氷漬けにしないのは、あの戦争の際のはある意味で本人を一回殺してるから……
それに、あの時は意識を完全に失っていたから今回の様な措置取れなかったし、何より、人数が多すぎる上に「神之宴」と言うスキルを持っていなかったからしょうがなく氷漬けにした。
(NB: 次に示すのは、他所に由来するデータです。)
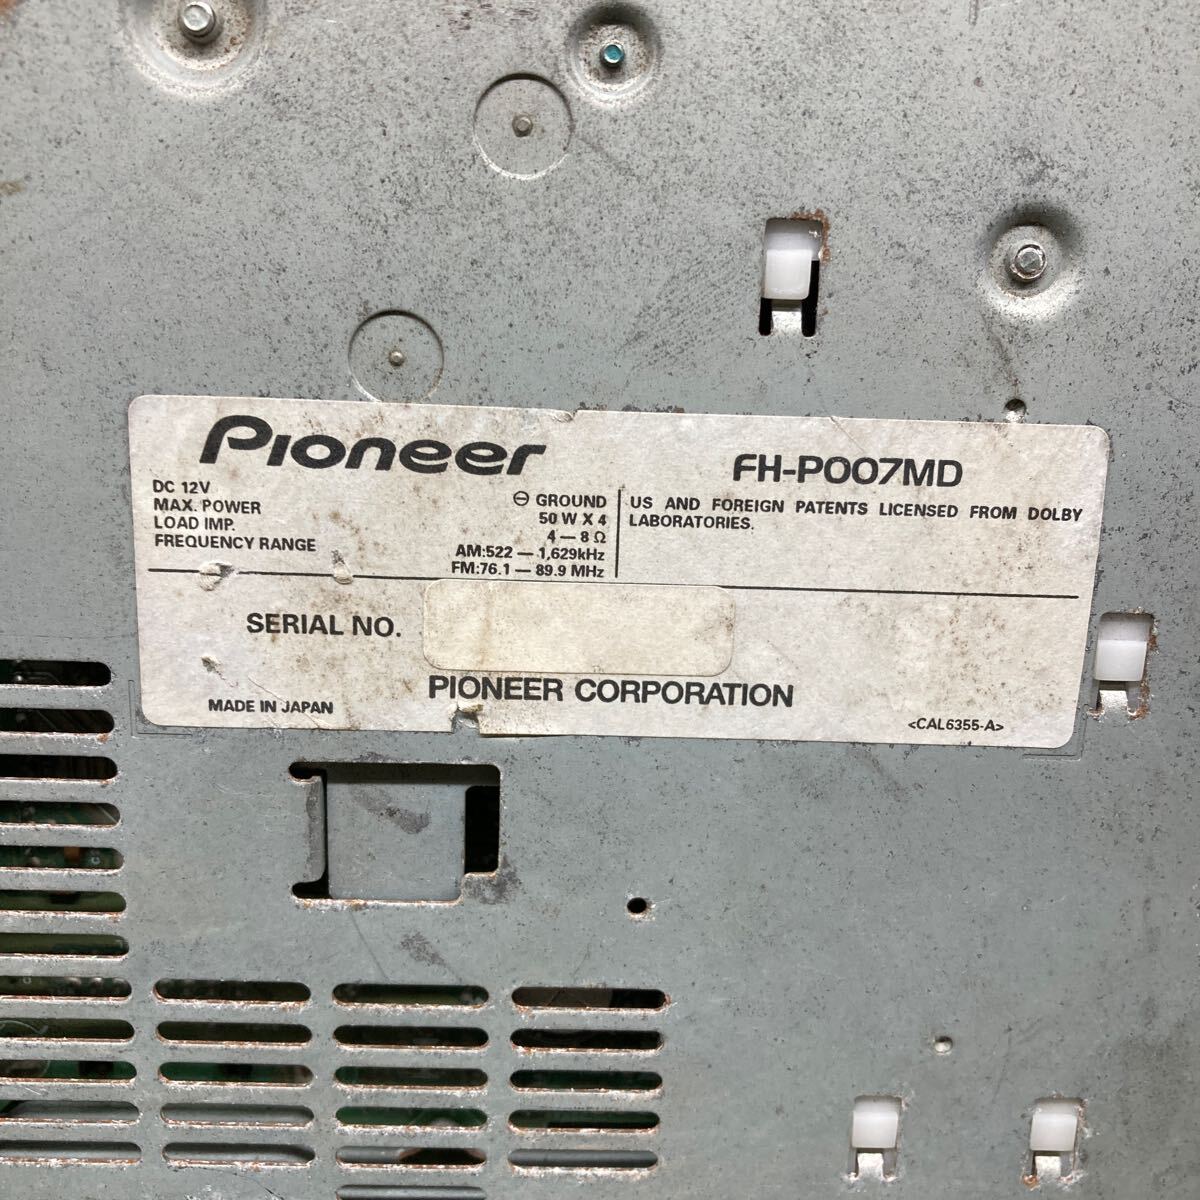 AV3-573 супер-скидка машина стерео CARROZZERIA PIONEER FH-P007MD CD FM корпус только простой рабочее состояние подтверждено б/у текущее состояние товар 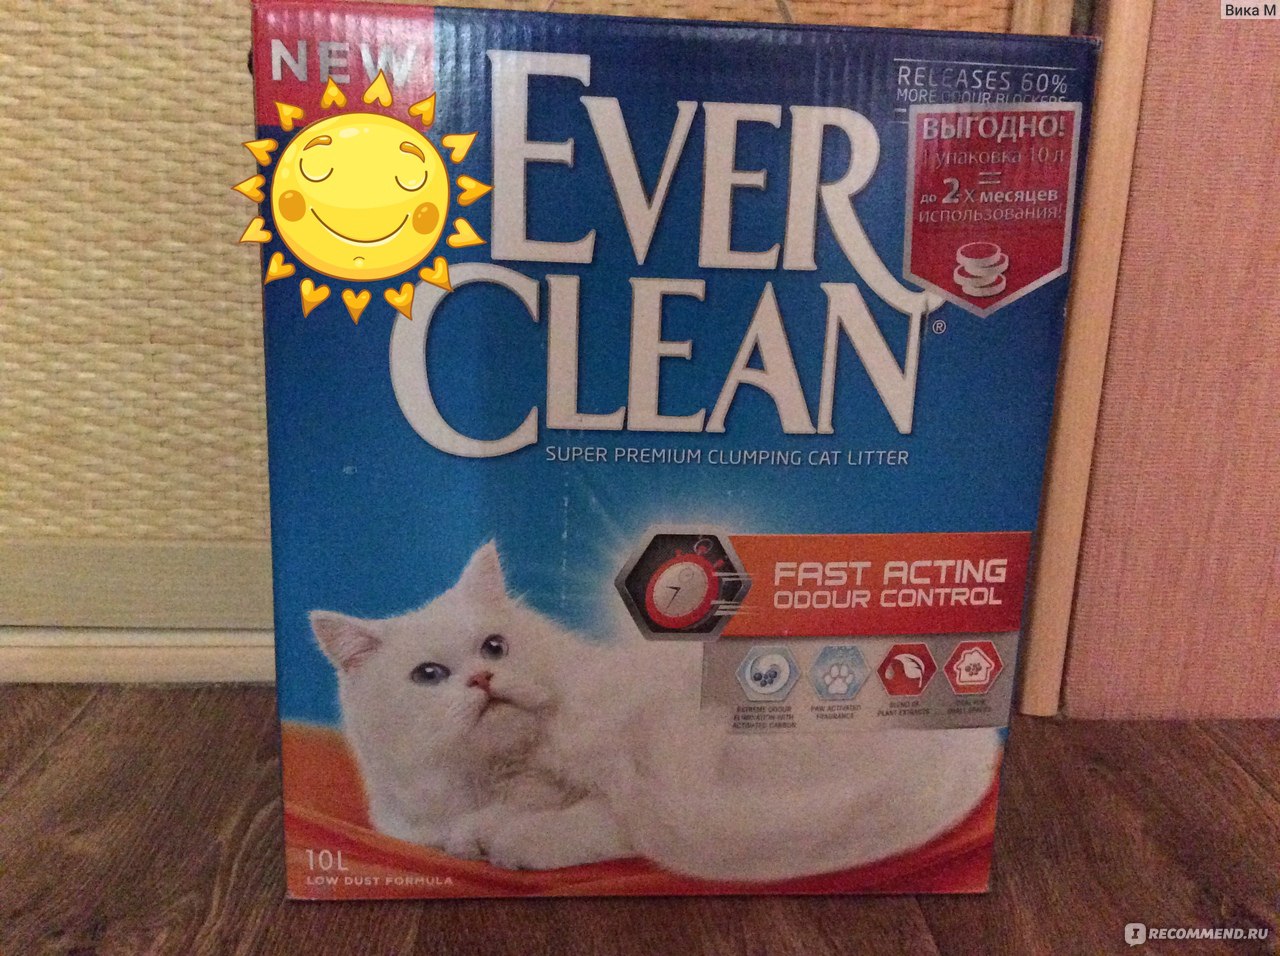 Наполнитель для кошачьего туалета фирмы Ever Clean

どうでも良くないけど、今はどうでもいいことを考えつつ本体を布団の中に隠す。
そして再び話しかける。
「アルフレクス、先に飯に行ってるわ。お前は着替えてから合流しよう」
「分かった」
アルフレックスとそう会話し、部屋の外へ出る。
ちなみに幸いなのかどうかはわからないが、フェルは気絶してたので、部屋の外へ運び、起こす。
「おーい。フェルー起きろー」
「ん。私は一体……?そういえば、アルフレクスさんの部屋に入ったらゴブリィンがいたような……ハッ!リルグレイシアさん大丈夫ですか!?」
「大丈夫だよ。そしてアルフレクスの事情は後で話すから。とりあえず夕飯食べに行こう」
「??? よく分かりませんが、了解しました」
先に二人で食堂へ向かい、夕飯を食べる。
宿屋の主人さんは気にかけてくれてたみたいで、声をかけようとしてたので、「大丈夫でした」と言ったら安心していた。
似たような終わり方前もした気が…
まぁそれは置いといて、後半訳が分からなかったらすみません。